First, we observe that the natural language description of the task is important for facilitating the correct 3D waypoint generation, and this is the case for all the VLMs tested. For example, for Spatula Pick-Place, the backward task phrased as "Place the spatula on the left of the plate" sometimes led to waypoints generated in a way that moves the spatula to the left side of the yellow plate (but still on the plate), rather than on the table on the left side of the plate. We had to tune the natual language descriptions as such. Tuning typically occurred on the level of the specific task description, and once tuned remained consistent for all experiments. Once tuned, for the tasks reported above, manual inspection of the VLM outputs indicate that the outputs are generally reliable and consistent across trials.
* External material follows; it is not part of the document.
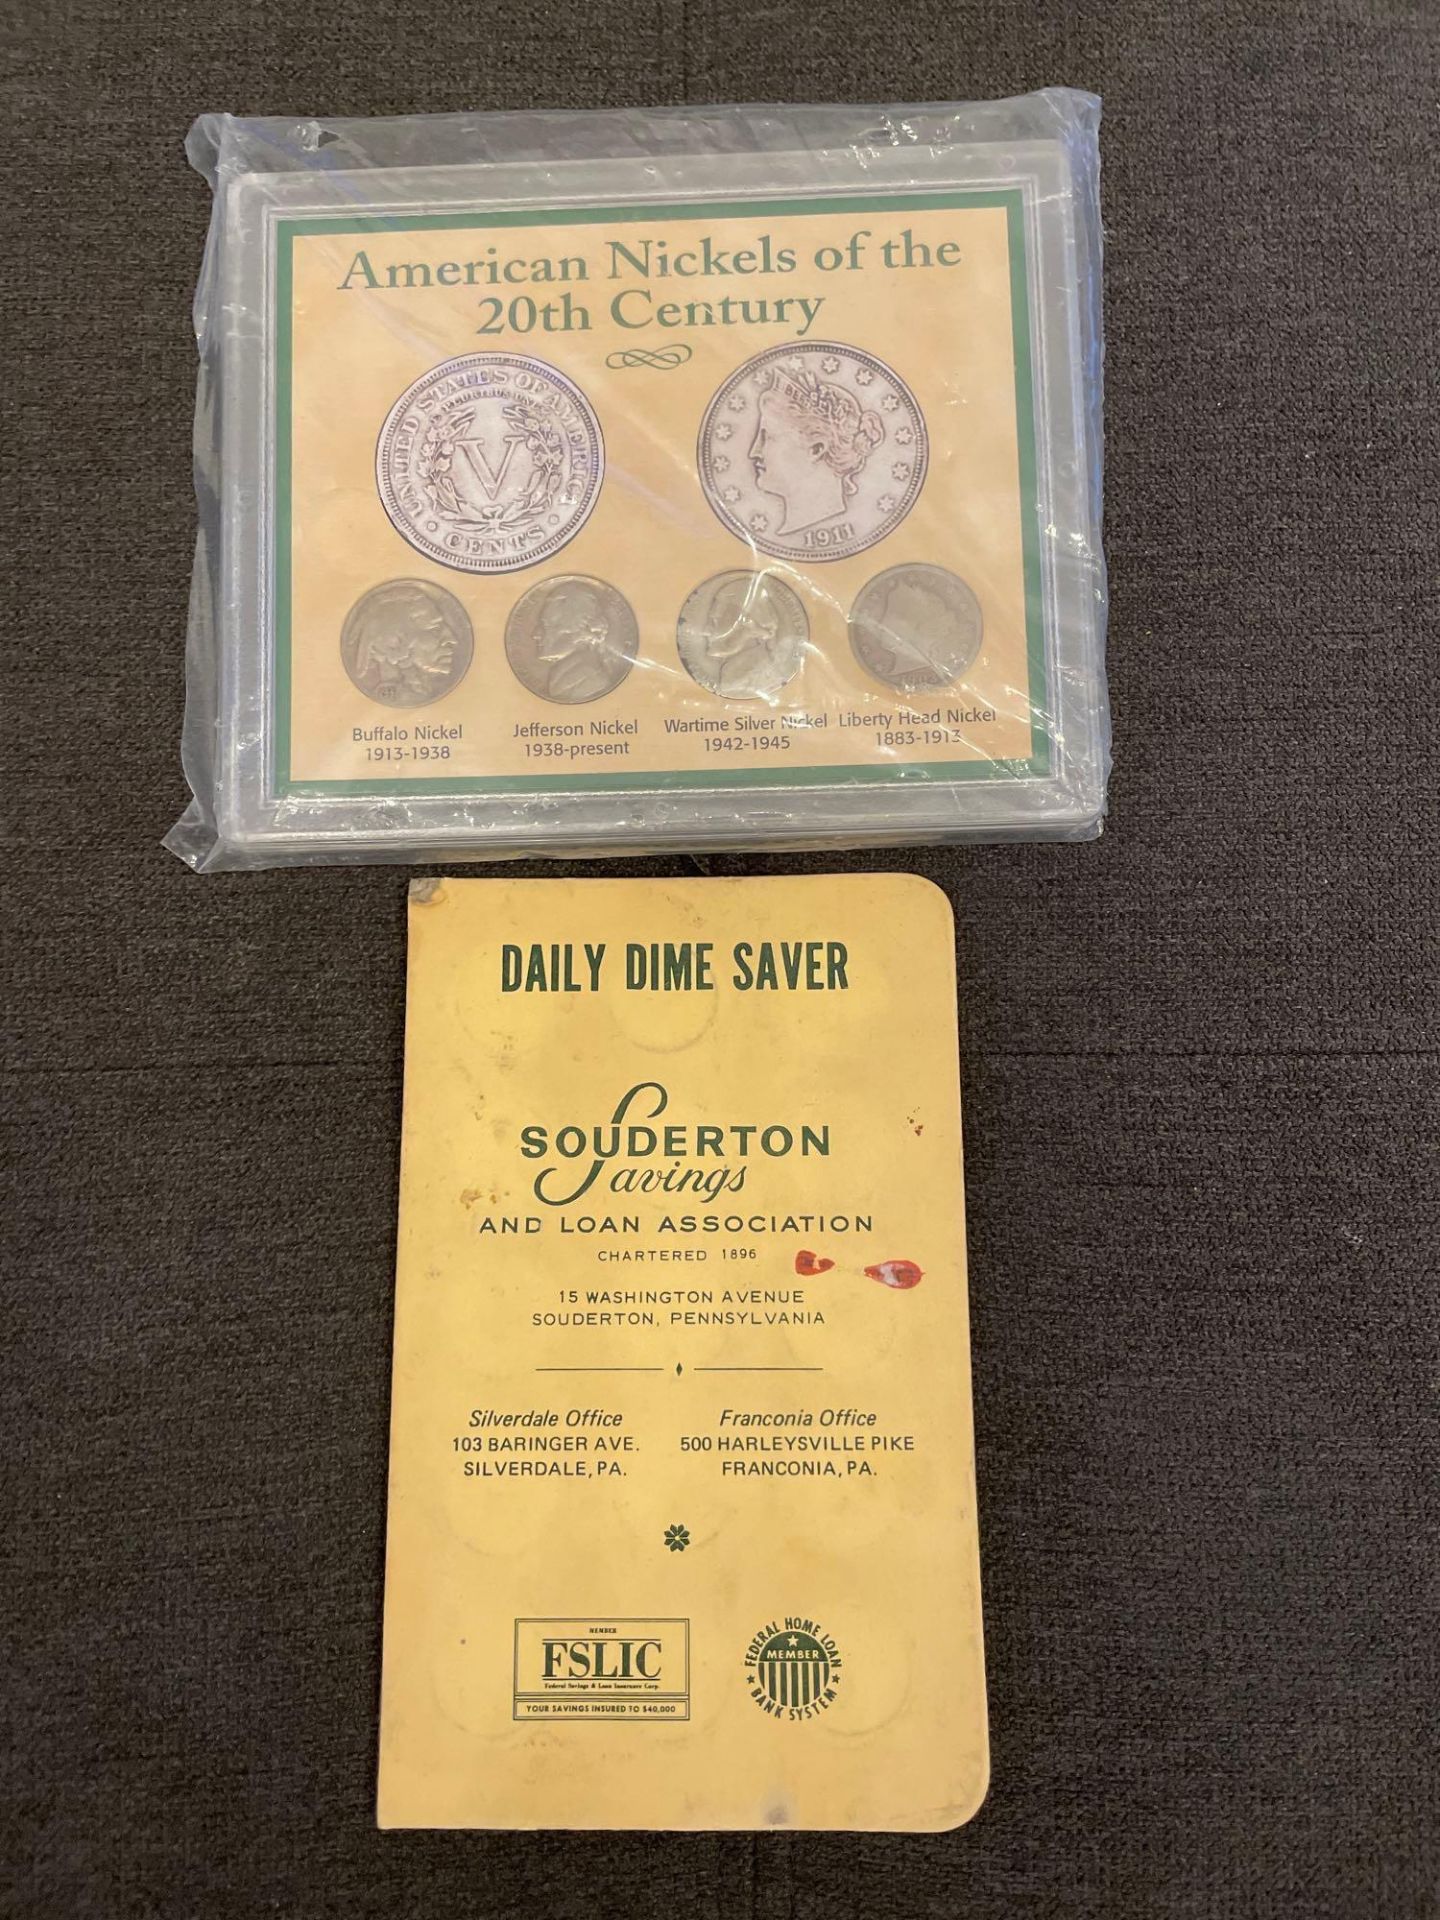 American Nickels of the 20th Century & Daily Dime Saver Souderton Savings book

Another observation is the importance of providing dual-angle inputs to VLMs for 3D spatial reasoning, where the side-view of the environment was also provided to the system to provide depth information. We modified the meta-prompt from [A2] as such to accommodate this additional visual input to generate the desired 3D waypoint outputs. Here, we see some qualitative differences in VLM output, showing the strengths and weaknesses of different models in 3D spatial reasoning. Gemini tends to perform comparably to GPT-4o and slightly better than the GPT-4V in 3D spatial reasoning. GPT-4V in particular sometimes struggles to generate sensible depth movements using the side-angle view that facilitates successful completion of the task. The most common failure mode is occasionally generating grid points that are not immediately reachable from the previous grid block in the sequence, and this is more common for models with shorter context windows which forget the metaprompt's instructions on grid sequence generation. This observation would be important for extensions of this work investigating 3D waypoint generation, as depth information is critical for pick and place, tasks performed on uneven surfaces, as well as tasks with very specific grasp points like drawer opening.
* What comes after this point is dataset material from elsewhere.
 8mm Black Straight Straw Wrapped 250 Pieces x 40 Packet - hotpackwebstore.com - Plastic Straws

Our experiments and empirical observations verify the hypotheses in [A2] that state-of-the-art VLMs are capable of spatial reasoning at a sufficient accuracy to facilitate tabletop manipulation tasks of various complexities, where a top-down and side view of the environment gives sufficient information to perform the tasks. We anticipate that the spatial reasoning of VLMs will only continue to improve, and more studies can be conducted in mobile or open-world manipulation, to see whether the spatial reasoning capabilities of VLMs extend to even more complex and dynamic environments beyond tabletop manipulation.
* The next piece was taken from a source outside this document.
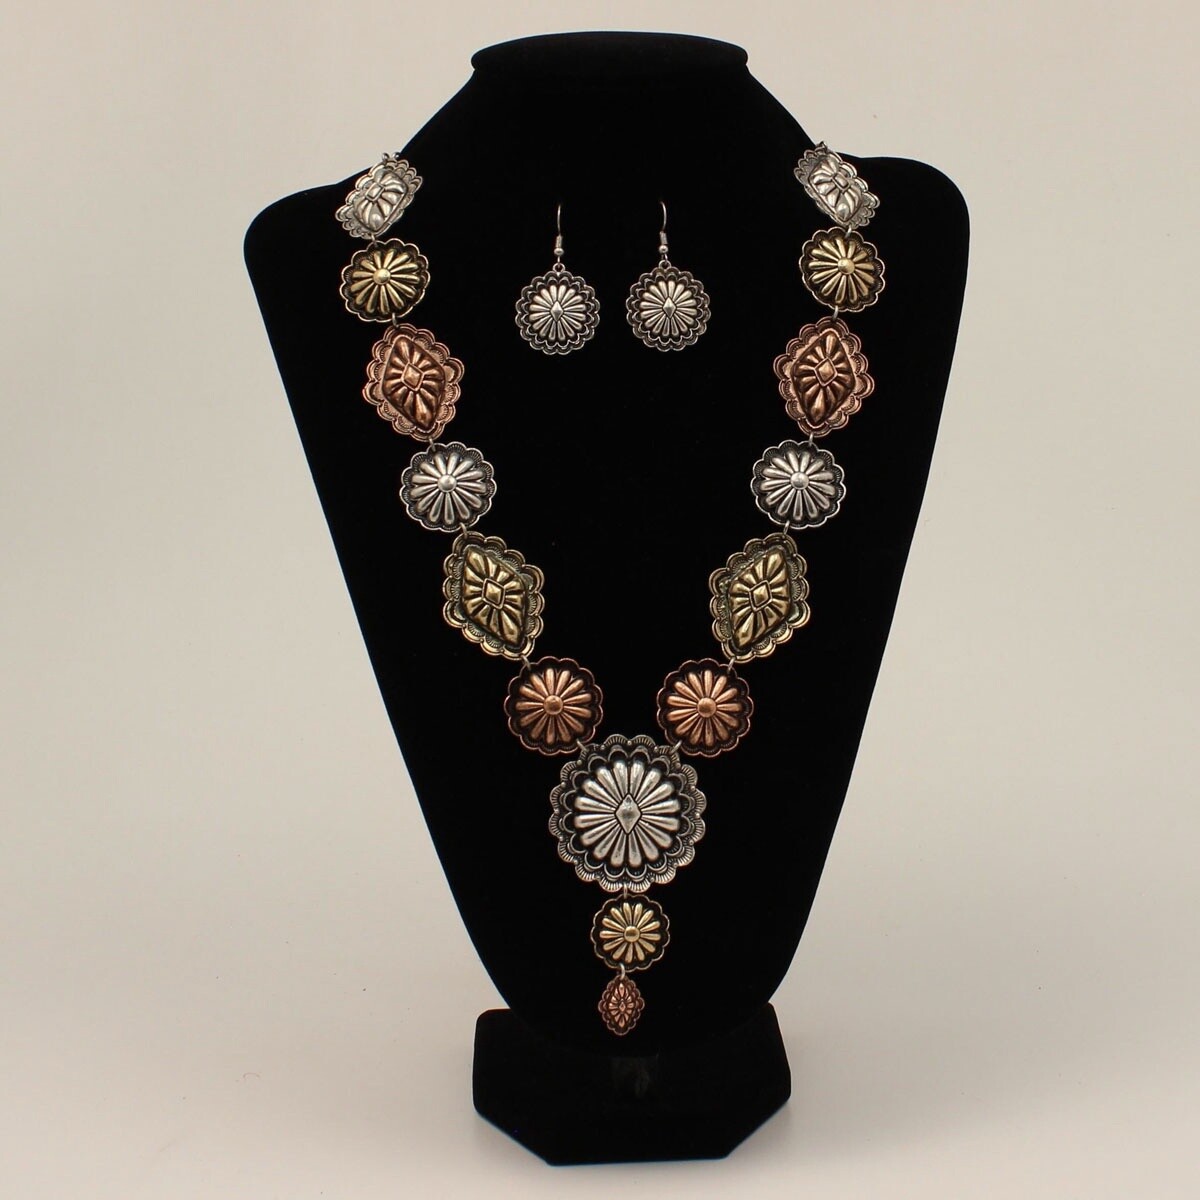 SILVER STRIKE NECKLACE AND EARRING SET FLOWER CONCHO SILVER GOLD COPPER

Example of annotated inputs to VLM: top-down view annotated with keypoints and grid tiles, side view has line labels for depth information.
*Annotations bolded for illustration purposes only.
Example of a VLM-generated trajectory: tiles marked by green borders and red arrows indicate direction of motion. The red point indicates current robot position from RANSAC prediction. Our dense reward formulation encourages the robot to move to the next block, following the green arrow.
*Annotations bolded for illustration purposes only.
[A1] Jingyun Yang, Max Sobol Mark, Brandon Vu, Archit Sharma, Jeannette Bohg, and Chelsea Finn. Robot fine-tuning made easy: Pre-training rewards and policies for autonomous real-world reinforcement learning. 2024 IEEE International Conference on Robotics and Automation.
[A2] Fangchen Liu, Kuan Fang, Pieter Abbeel, and Sergey Levine. Moka: Open-vocabulary robotic manipulation through mark-based visual prompting. Robotics: Science and Systems 2024.